Quickstart: Real-time Conversation Transcription

You can transcribe meetings and other conversations with the ability to add, remove, and identify multiple participants by streaming audio to the Speech service. You first create voice signatures for each participant using the REST API, and then use the voice signatures with the Speech SDK to transcribe conversations. See the Conversation Transcription overview for more information.

Limitations

  • Only available in the following subscription regions: centralus, eastasia, eastus, westeurope
  • Requires a 7-mic circular multi-microphone array. The microphone array should meet our specification.

Note

The Speech SDK for C++, Java, Objective-C, and Swift support Conversation Transcription, but we haven't yet included a guide here.

Prerequisites

Set up the environment

Before you can do anything, you need to install the Speech SDK for JavaScript. If you just want the package name to install, run npm install microsoft-cognitiveservices-speech-sdk. For guided installation instructions, see the SDK installation guide.

Create voice signatures

If you want to enroll user profiles, the first step is to create voice signatures for the conversation participants so that they can be identified as unique speakers. This isn't required if you don't want to use pre-enrolled user profiles to identify specific participants.

The input .wav audio file for creating voice signatures must be 16-bit, 16 kHz sample rate, in single channel (mono) format. The recommended length for each audio sample is between 30 seconds and two minutes. An audio sample that is too short will result in reduced accuracy when recognizing the speaker. The .wav file should be a sample of one person's voice so that a unique voice profile is created.

The following example shows how to create a voice signature by using the REST API in JavaScript.

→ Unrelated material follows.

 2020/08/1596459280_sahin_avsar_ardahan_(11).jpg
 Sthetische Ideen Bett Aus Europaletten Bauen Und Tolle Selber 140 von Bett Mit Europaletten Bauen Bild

You must insert your subscriptionKey, region, and the path to a sample .wav file.

const fs = require('fs');
const axios = require('axios');
const formData = require('form-data');
 
const subscriptionKey = 'your-subscription-key';
const region = 'your-region';
 
async function createProfile() {
    let form = new formData();
    form.append('file', fs.createReadStream('path-to-voice-sample.wav'));
    let headers = form.getHeaders();
    headers['Ocp-Apim-Subscription-Key'] = subscriptionKey;
 
    let url = `https://signature.${region}.cts.speech.microsoft.com/api/v1/Signature/GenerateVoiceSignatureFromFormData`;
    let response = await axios.post(url, form, { headers: headers });
    
    // get signature from response, serialize to json string
    return JSON.stringify(response.data.Signature);
}
 
async function main() {
    // use this voiceSignature string with conversation transcription calls below
    let voiceSignatureString = await createProfile();
    console.log(voiceSignatureString);
}
main();

Running this script returns a voice signature string in the variable voiceSignatureString. Run the function twice so you have two strings to use as input to the variables voiceSignatureStringUser1 and voiceSignatureStringUser2 below.

Note

Voice signatures can only be created using the REST API.

Transcribe conversations

The following sample code demonstrates how to transcribe conversations in real time for two speakers. It assumes you've already created voice signature strings for each speaker as shown above. Substitute real information for subscriptionKey, region, and the path filepath for the audio you want to transcribe.

If you don't use pre-enrolled user profiles, it will take a few more seconds to complete the first recognition of unknown users as speaker1, speaker2, etc.

Note

Make sure the same subscriptionKey is used across your application for signature creation, or you will encounter errors.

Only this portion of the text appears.